Neural network -- pytoch implementation residual network ResNet18
preface
ResNet18 is a reference 👉 https://www.bilibili.com/video/BV1154y1S7WC?share_source=copy_web It is realized by the idea of building ResNet. If there are errors or other problems, please point them out!!!
In addition, this paper only introduces the idea of implementation, and does not make a specific interpretation of ResNet.
ResNet18 structure introduction
The overall structure of the network is shown in the figure below
From the figure, you can see eight special blocks in the red box. These blocks are the characteristics of the network: residual structure
Residual structure
As shown in the figure, the final output includes two parts: Processed F(x) and original input X
ResNet18
From the overall network structure diagram just now, we can see that the blocks in the red box are not exactly the same. There are two types: Identity Block and Conv Block.

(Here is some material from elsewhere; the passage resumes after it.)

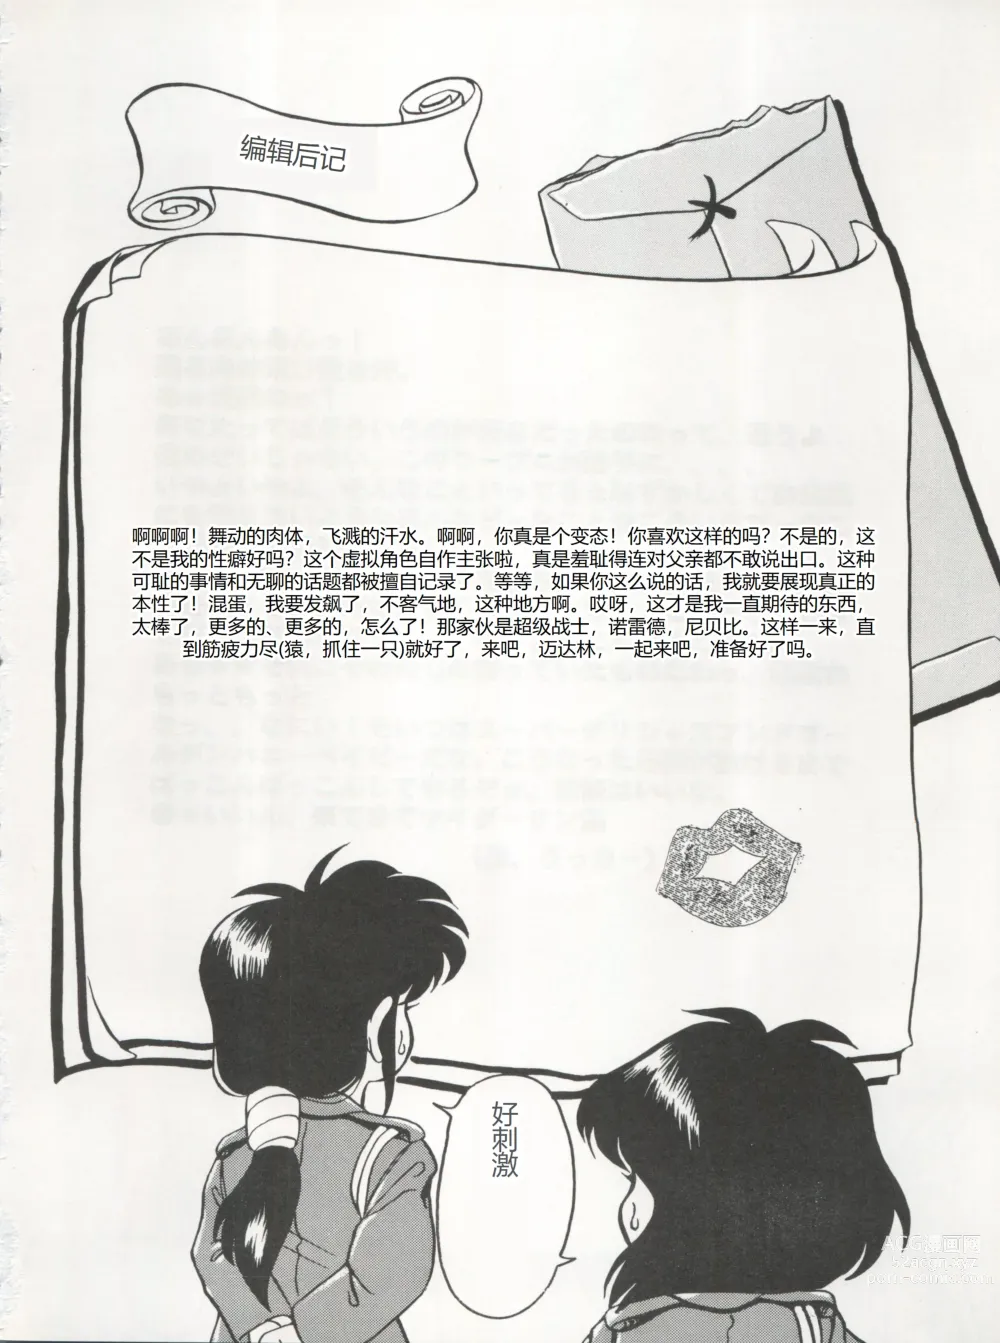 Page 46 of doujinshi 逮捕されちゃうぞ

​Identity Block | Conv Block |
The structure of the two is shown in the figure below. The main part on the left is the same: twice [convolution, standardization, activation function] and once [convolution, standardization].
The difference is that at the residual edge on the right, the Identity Block directly connects the original input with the result on the left, while the Conv Block performs a [convolution, standardization] on the original input and then connects with the result on the left.
​
Comparison between ResNet18 and ResNet50 networks
Before we start, we will introduce the structural pronouns that will be used later
Similarities
C1: structural segmentation
In the reference video, there is such a picture
The author integrates Bottleneck (including identity block and Conv Block) with the same number of output channels into one Stage, so four stages with different number of output channels are obtained.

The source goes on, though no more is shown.